Русское правительство взяло на себя задачу искоренить крамолу в Минске и послало туда для этой цели жандармского полковника Васильева, одного из самых способных своих слуг. Он был учеником знаменитого полковника жандармерии Зубатова[143]. Они оба пытались убедить всех арестованных ими, что тем следует вести только экономическую борьбу, не смешивая её с политикой. Русское правительство поможет в этом рабочим и легализует таких рабочих, и они увидят, что рабочая ситуация может быть намного лучше, чем до сих пор.
Некоторые рабочие приняли это предложение и начали создавать независимые трудовые организации для экономической борьбы, с целью улучшения материального положения рабочих. Политические партии боролись с «независимыми» как могли. Тем не менее в моё время в Минске значительно выросло число «независимых» рабочих. В то же время значительно возросло и число организованных бундовцев и сионистов. Они тогда были активны в Минске…
Я был свидетелем первой демонстрации бундовцев в Минске. Многих тогда избили, покалечили, арестовали. Мы помним протесты после демонстрации. Я встретился с Альтером Винером (одним из тогдашних лидеров минского Бунда. Он умер несколько лет назад в Нью-Йорке, будучи официальным членом Коммунистической партии). В доме, куда мы зашли было шесть-семь протестующих. Они с величайшим гневом рассказали о жестокости минской милиции. Кто-то прибежал оттуда без куртки. Его хотели арестовать, но полицейский схватил его за куртку, он вырвался на свободу и убежал, оставив куртку в руках полицейского.
Григорий Гершуни[144] тогда жил в Минске и вёл невинные уроки для еврейских рабочих на русском языке. Он говорил о законах физики и химии.

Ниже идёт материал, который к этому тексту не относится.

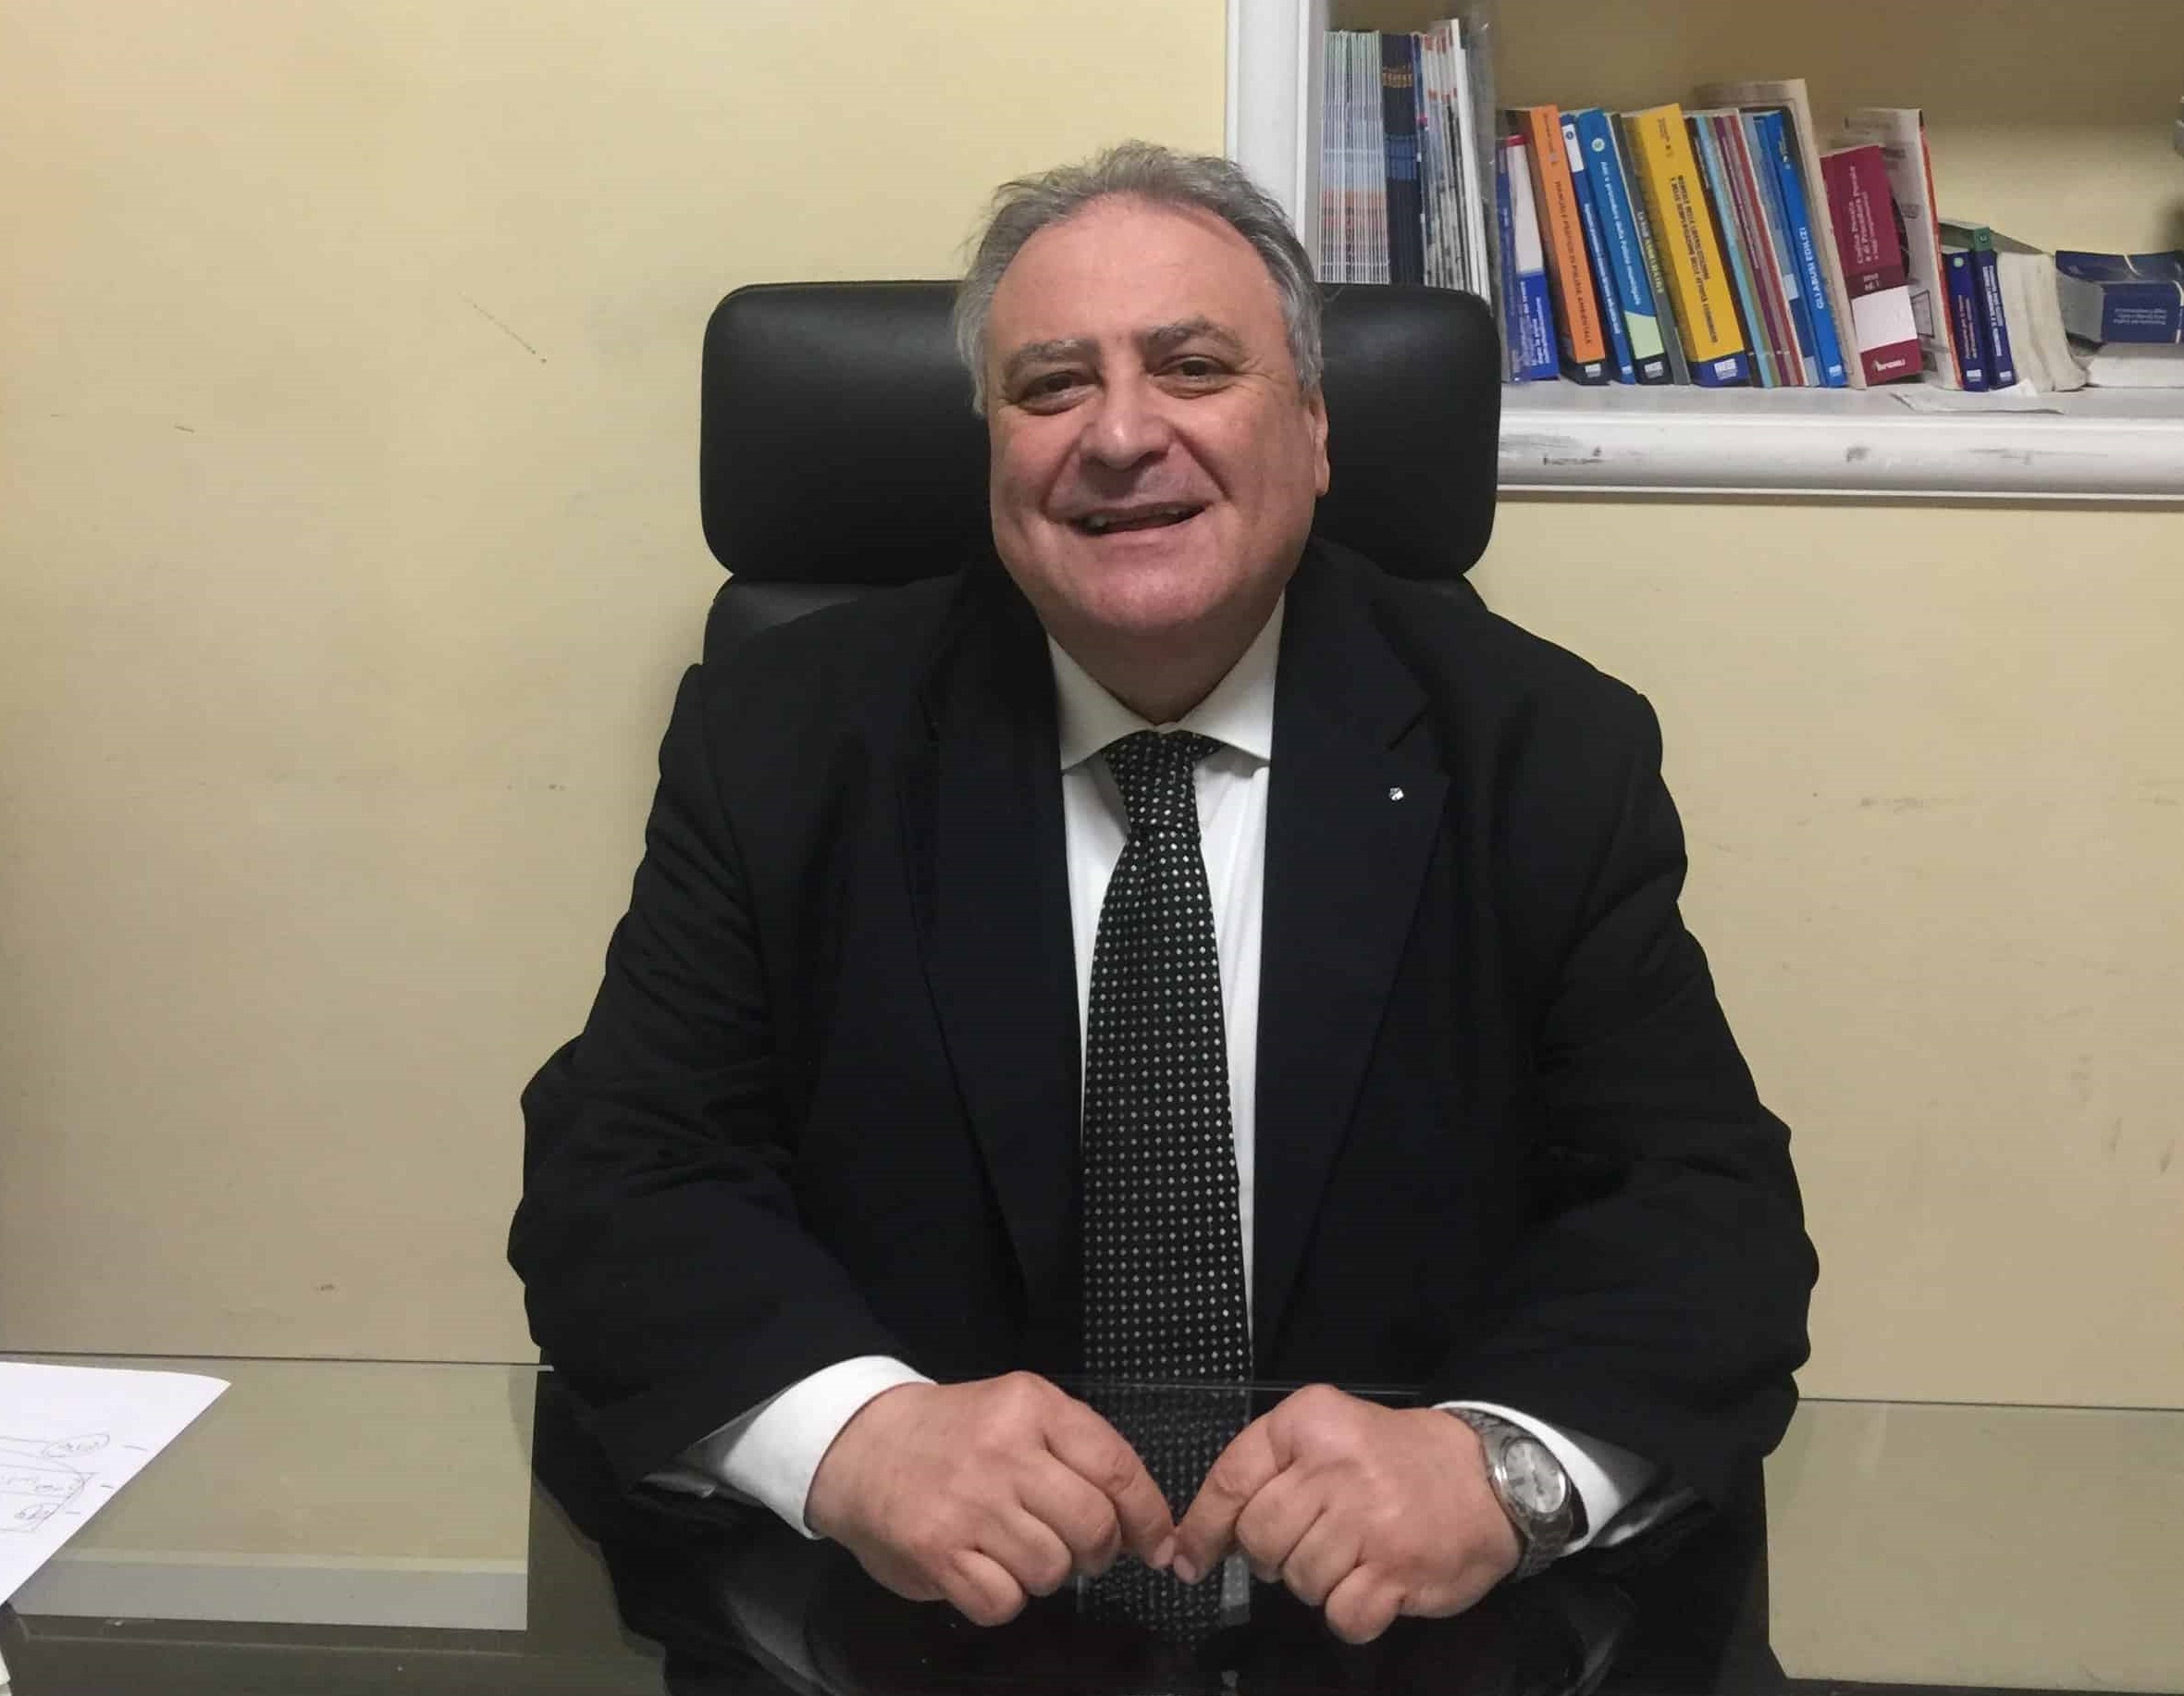 Ventisei positivi al Covid nel comando della polizia municipale di Salerno: la denuncia di Angelo Rispoli della Csa provinciale

Я часто бывал на его лекциях. В первый раз я приходил в солдатской одежде. Потом, когда я заметил, как все поражаются единственному солдату в зале, я стал приходить в штатском.
Кто мог подумать тогда, что нежный благородный юноша Григорий Гершуни через несколько лет станет грозой официальной царской России?
Я выполнял свою работу в ротной канцелярии, даже провёл некоторые реформы. Я соблюдал очень старательно порядок отправки солдат на работы: рубка дров, расчистка снега, уборка казарм, туалетов и т. д. Я очень заботился о том, чтобы чёрная работа не легла слишком тяжёлым бременем на одних, в то время как другие спокойно прогуливались по казармам. С разрешения вышестоящего начальства я основал в роте школу: я, еврей, учил русских их собственному языку, русскому. Это очень трудная работа, но я научил некоторых из них, более способных, читать и писать. Вечером, после третьего приёма пищи, перед сном, я учил их петь русские народные песни.
Я завоевал души солдат. Я ещё раз поразил офицеров тем, что каждый день читал русскую газету и, кроме того, читал серьёзные книги неизвестных им писателей: Георга Брандеса[145], Макса Нордау, Жан-Жака Руссо[146]. Кроме того, я отпечатал от руки на твёрдом картоне имена и звания членов царской семьи, наших офицеров, полковников и генералов. И в офицерском клубе мои офицеры хвастались, что в их роте служит очень умный еврейский солдат. И когда я к Новому году представил своим офицерам полный отчёт об одежде, о кухне, где что числится, что было выдано, использовано и распределено в течение года, какие в настоящее время доходы и когда и что было израсходовано, я очень высоко вырос в их глазах. К счастью, они не знали, что у меня в казарме много книг и брошюр, ценных и вредных для существующих порядков, что я читаю литературу совершенно открыто, ни от кого не скрываясь, и что учу солдат петь народные песни. Как раз одну такую песню, про нагайку, танцевавшую на спинах демонстрантов 8 февраля, солдаты очень любили…
Вместе с нами в роте служили русские, латыши, татары и евреи. Солдаты любили рассказывать истории о своих деревнях, родственниках, друзьях, близких. Я также каждый день приходил читать им письма из дома. Из всего этого я узнал, как тяжело живут в деревнях, насколько они угнетены. Все письма были криком голода, беды и нужды. Вся Россия, подумалось мне, — это большая казарма, находящаяся под кнутом Николаевских слуг. И есть только одно лекарство, подумал я тогда, — это объединение всех угнетённых, которое разорвало бы цепи социального и национального рабства.
Пока я был в казармах, умер мой дедушка, оставив отцу свой большой и красивый дом в Несвиже, и мои родители переехали в Несвиж, продав свой дом в Мире. А когда меня освободили от военной службы, по приглашению родителей я приехал прямо из казармы в Несвиж, в город знаменитых Радзивиллов[147], правивших сотни и сотни лет.
О польских графах Радзивиллах в городе ходило множество легенд и сказаний. В этих легендах и рассказах отразился безумный дух ненормальной графской семьи, их стремление к ненормальным развлечениям, диким оргиям, странным приключениям, их садизм и скотство. В моей памяти запечатлена история о том, как одному из графов удалось проехать посреди лета по снегу. Город покрыли толстым слоем соли, и он ехал по соли на своём четверике[148]. Другой имел величайшее удовольствие приглашать к себе во двор евреев и, когда они приходили, натравливал на них самых кровожадных собак.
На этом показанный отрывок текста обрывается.